I know that the study is old, but if you could offer your perspective, that would be great.
Thank you.

So, the "article" referred to is an old Daily Mail piece reporting that

"It is research that is guaranteed to delight men - and infuriate the women in their lives. A controversial new study has claimed that men really are more intelligent than women.

The study - carried out by a man - concluded that men's IQs are almost four points higher than women's.

British-born researcher John Philippe Rushton, who previously created a furore by suggesting intelligence is influenced by race, says the finding could explain why so few women make it to the top in the workplace."

Oh gawd. Again? I think I blogged about this article back in 2006. Why won't this psudoscience crap die?

Sheril, also tired of this lame argument that really should have been laid to rest by now, invites readers to weigh in, and Isis is gearing up for a response of her own. In the meantime, let me share a couple of brief thoughts. I will try to be civil.

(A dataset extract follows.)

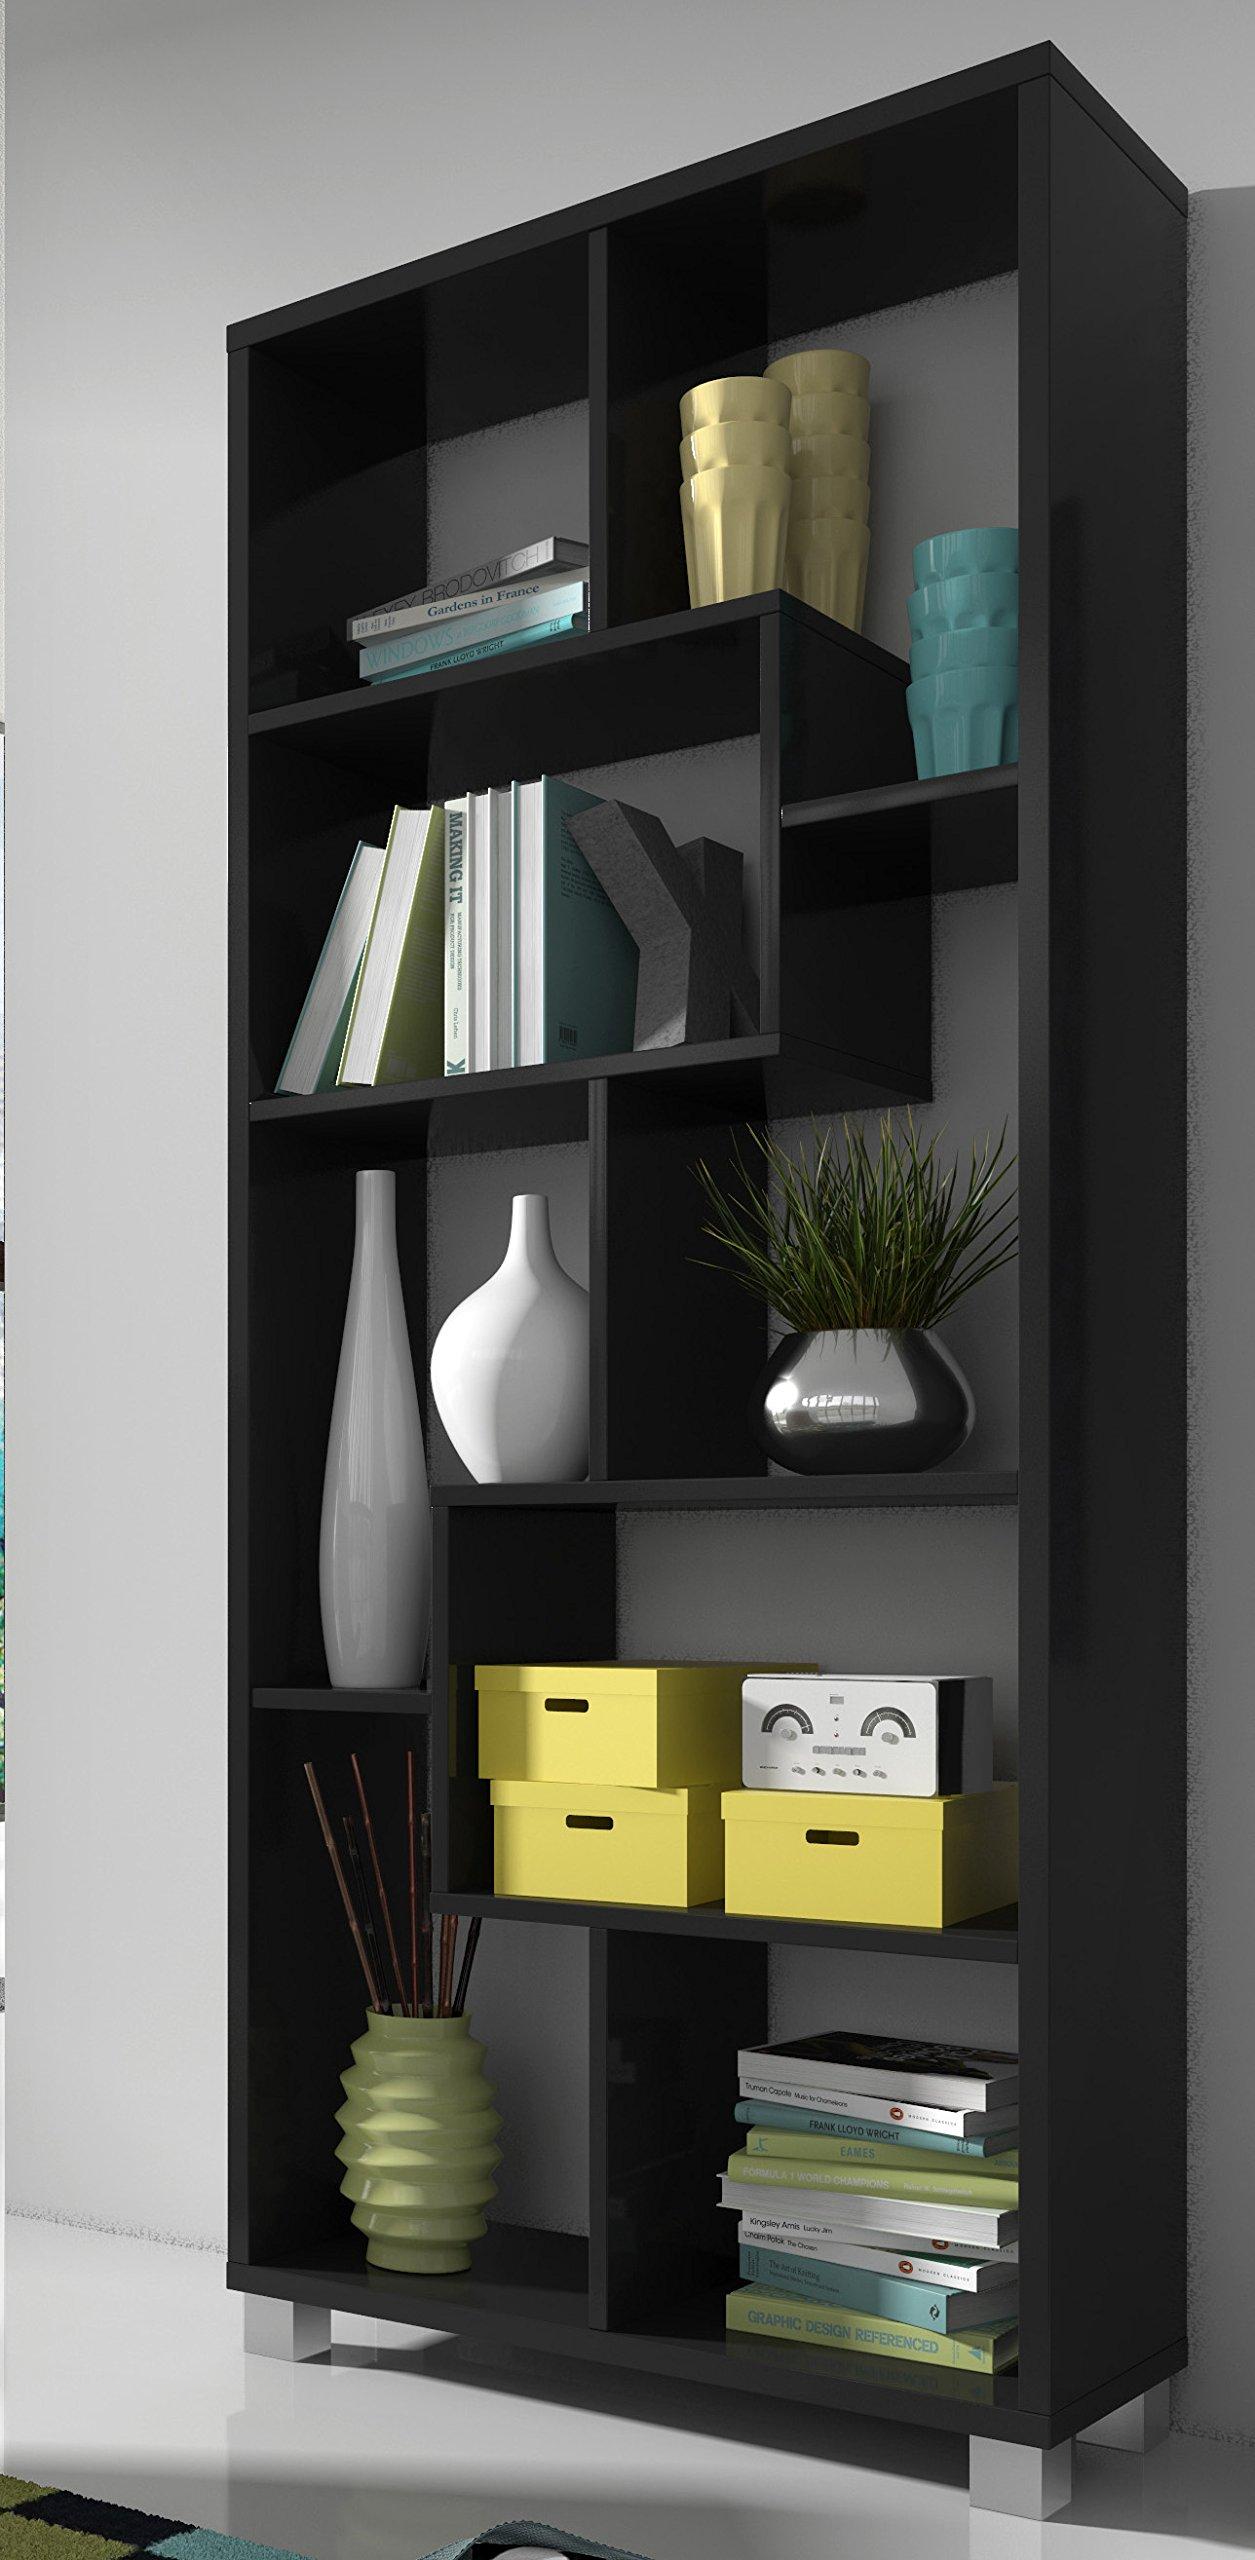 SelectionHome - Estantería librería de diseño Comedor salón, Color Negro Mate, Medidas: 68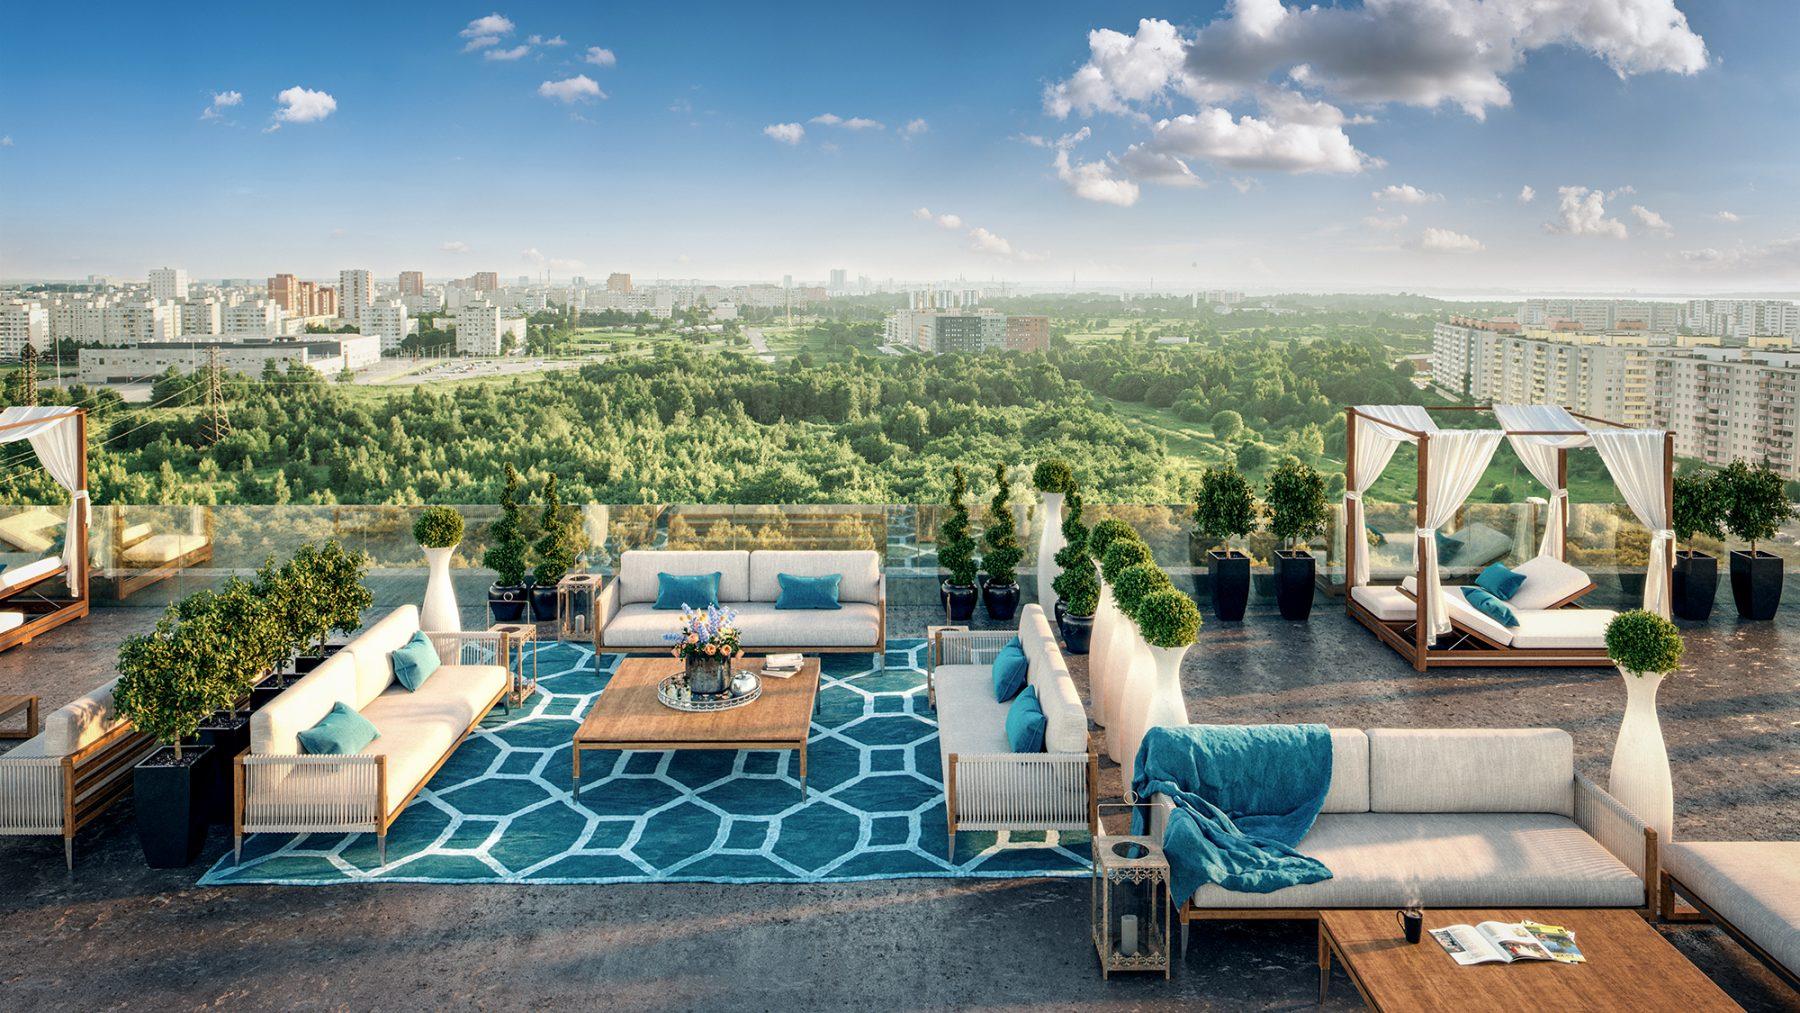 Pressiteade: Endover Kinnisvara ehitab Lasnamäele 300 korteriga linnaku mõõtu elamu

I would start by point out to Sheril's reader that the IQ test was originally designed as a test for *children,* that something as complex as adult intelligence (and, actually, children's intelligence too) can clearly not be accurately nor precisely represented by a single number, that science that pruports to measure said intelligence with said number is bullshit, and to read The Mismeasure of Man by Stephen Jay Gould.

Then I would ask the reader (and the "researcher," actually), IF we somehow believed that IQ represented intelligence (which it doesn't, right? it's bullshit, already said that), how big the statistical effect size was of the study? I would then point them to Janet Hyde's paper on the Gender Similarities Hypothesis (pdf) which is so critical the APA doesn't have it hiding behind a firewall. Hyde argues that calculating effect sizes (i.e. how different the means are between two sets of data) is way more important than the fact that the means are different particularly because simply using very large data sets can bias the means to be statistically significantly different. She does a meta-analysis of many studies done over decades to point out that, for most of the studies, the effect size is nil, and for only a couple is the effect size not zero but they are still small. So research that looks at gender with big ns without looking at effect sizes is essentially crap science. Clearly the "researcher" of said study could benefit from some something we call "learning" from past science in the context of a good statistics course. It could have saved him all that work.

THEN I would tell the reader to stop reading such poorly done science reporting (let alone science) which plays on our socialized beliefs that "there must be BIG differences between women and men, right? After all, we're from different planets.." Instead, read this PhD comic. Or any of the other ones. They're all funny. And better written.

Finally, I would reassure the reader that, IF you could measure intelligence by IQ and IF the means were "really there" and not just an effect of a large sample size, and IF there was somehow a big effect size, that doesn't mean that a random individual man is smarter than a random individual woman. This is not an individual-level study -- it's a study about groups. So this doesn't say anything about individual relationships -- therefore one's dumb male inlaw/colleague/partner/etc. can still be dumber than you.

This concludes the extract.